Former defence minister Mohamed Nazim’s appeal of a weapons smuggling conviction and Adhaalath Party President Sheikh Imran Abdulla’s terrorism trial are “lost in judicial bureaucracy,” lawyers have said.
The Supreme Court’s decision to divide the nine-member High Court bench to three branches has stalled appeals filed over Nazim’s conviction and Imran’s continued detention.
Imran was transferred from a remand center to a low-security prison this week without explanation. Only one hearing in his terrorism trial has been held since June. He is charged with inciting violence at a historic antigovernment protest.
The criminal court, meanwhile, has said it is building a new courtroom to hold further hearings, but it is not clear when the court room will be built.
Both Nazim and Imran’s family have expressed concern over their health.
Nazim is serving an 11-year jail sentence. An appeal which began in mid-June was stalled half-way when two of the five-judges were transferred to a newly created High Court branch in the south.

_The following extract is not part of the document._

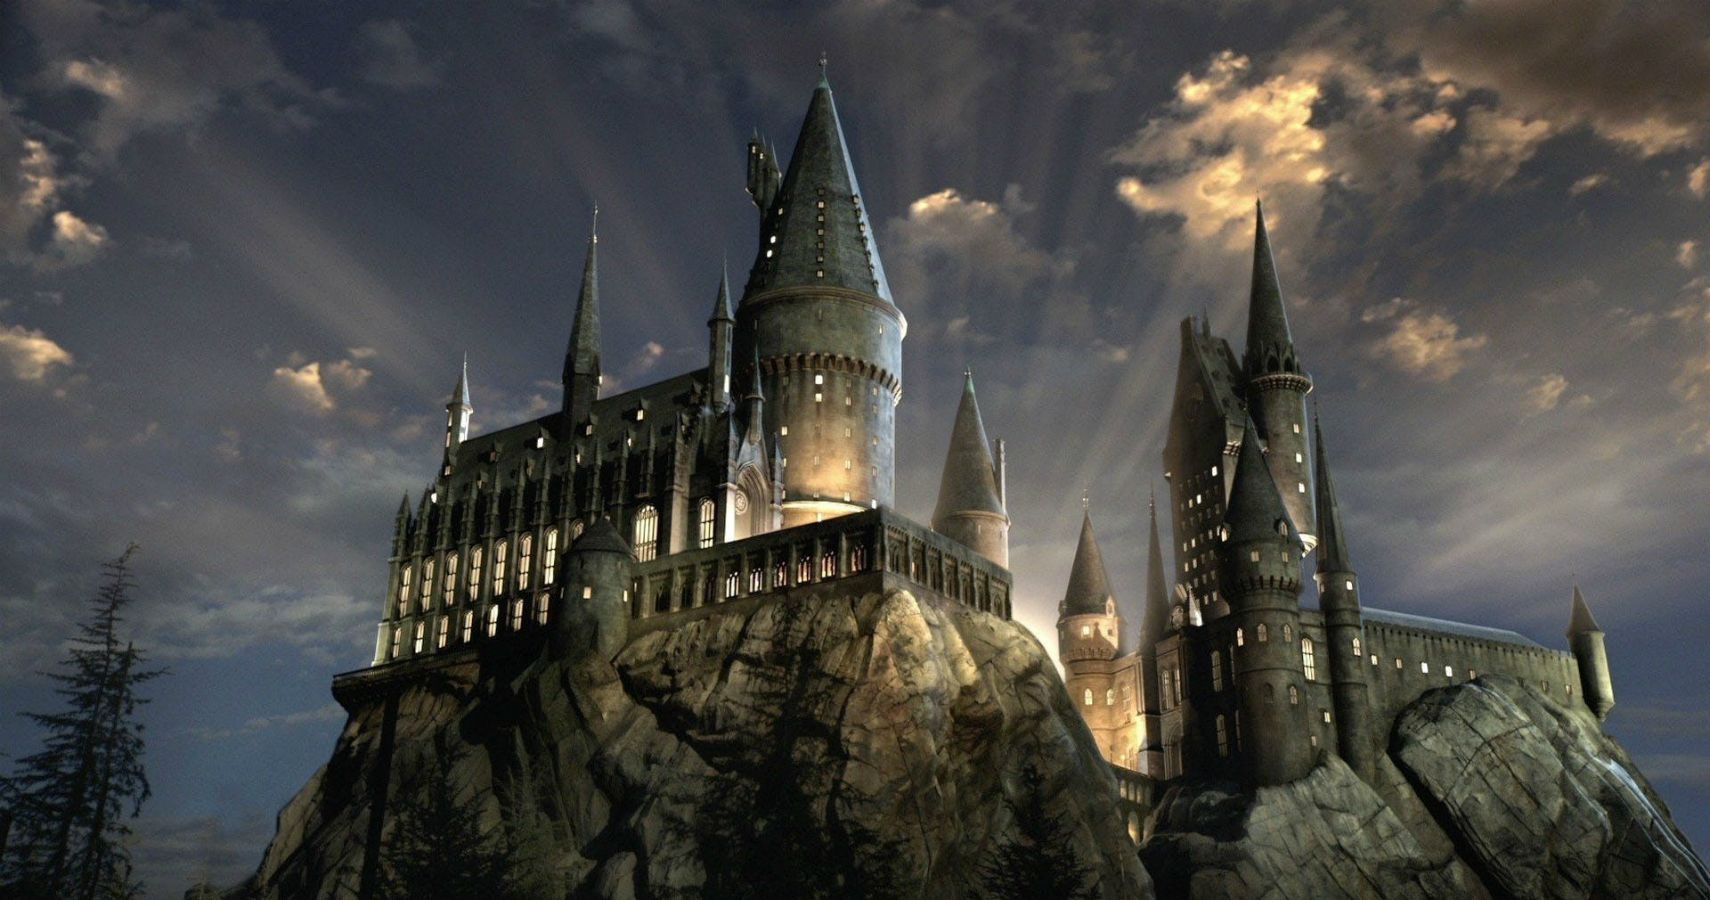 Harry Potter: 7 Settings From The Movies That Were Just Like The Books
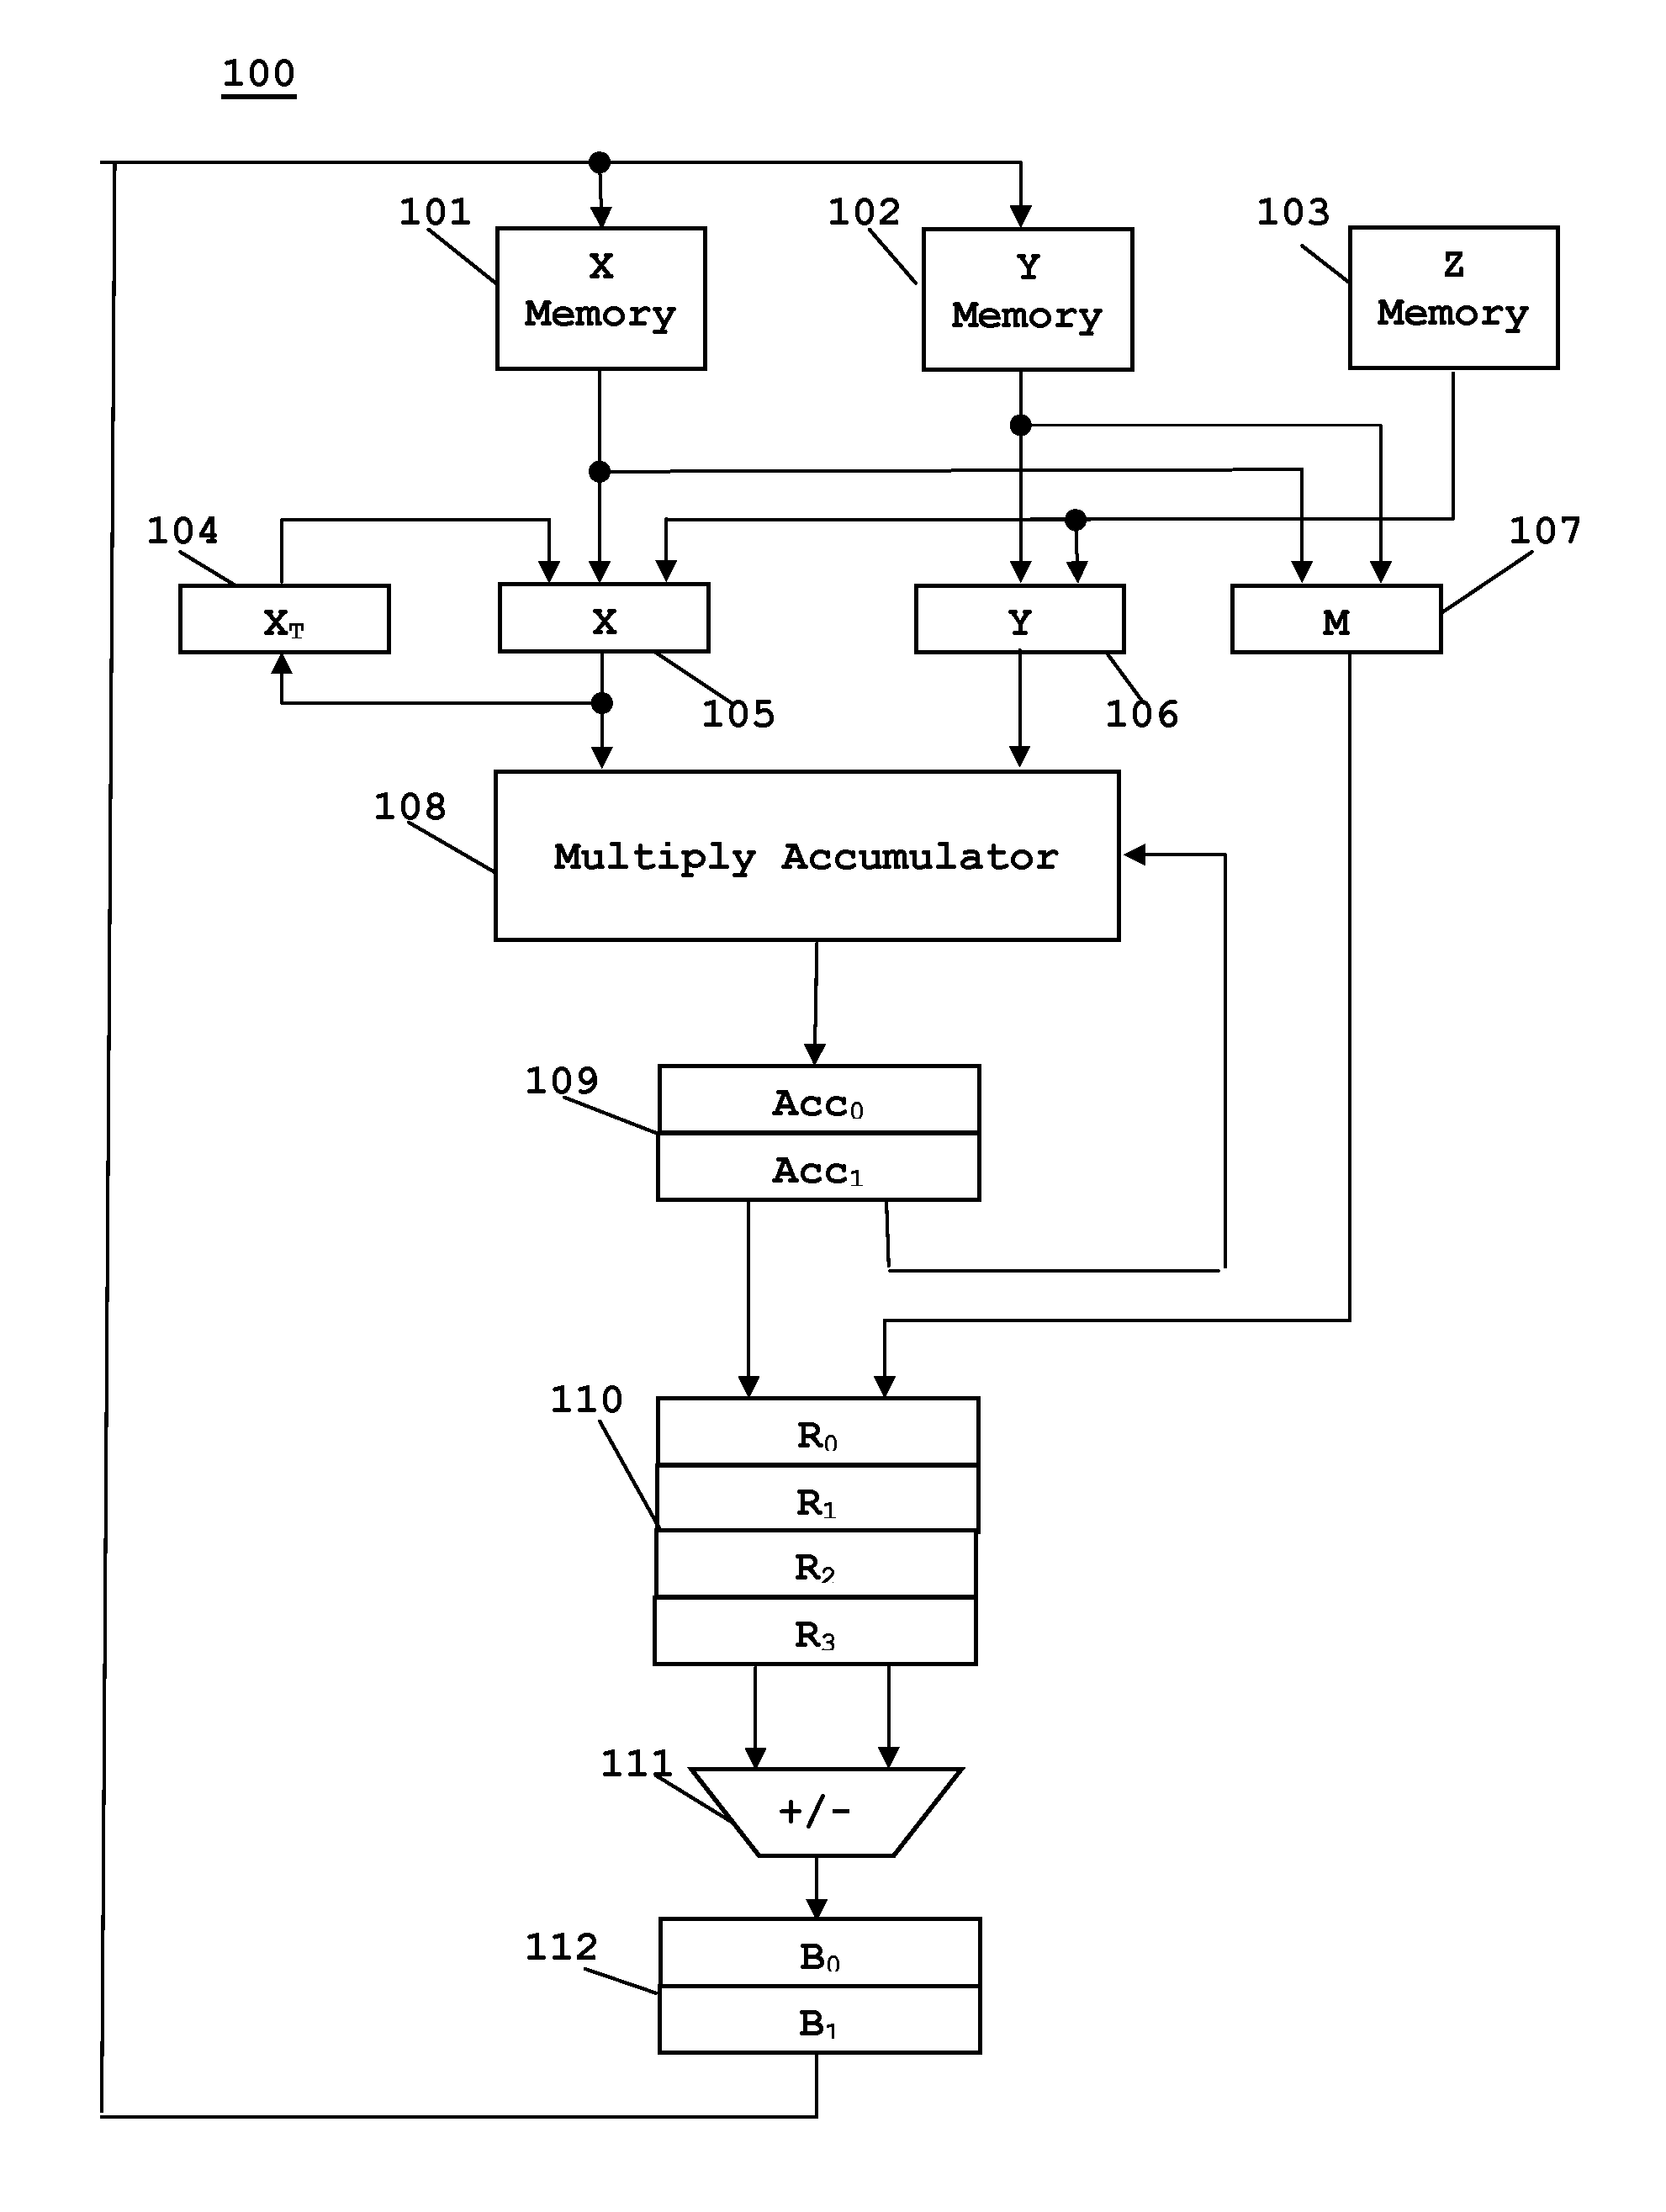 High performance implementation of the FFT butterfly computation

Husnu Suood, who represents both Nazim and Imran, said the former minister’s family has requested the Civil Court to allow him to travel abroad for treatment.
“The case has not been scheduled and it is unclear whether the court has even accepted the case,” he said.
Nazim’s brother Adam Azim told The Maldives Independent that the retired colonel’s eyesight was rapidly deteriorating and that doctors at the Indira Gandi Memorial Hospital (IGMH) were unable to reach a definitive diagnosis.
Doctors have recommended that Nazim be sent abroad for treatment when he was brought to Malé for the latest doctor’s consultation last week, Azim said.
The Maldives Correctional Services said it is unaware of a doctor’s recommendation for treatment abroad.
Suood said the Criminal Court’s decision to hold Imran in custody until his trial concludes has been appealed at the High Court.
The appellate court has not given any information on when the appeal will be held, also because of the transfer of judges to regional branches.
The division of the High Court was mandated by amendments to the Judicature Act last December.
The international community has urged the Maldives to release all political prisoners, including former President Mohamed Nasheed. The government claims that there are no political prisoners in the Maldives.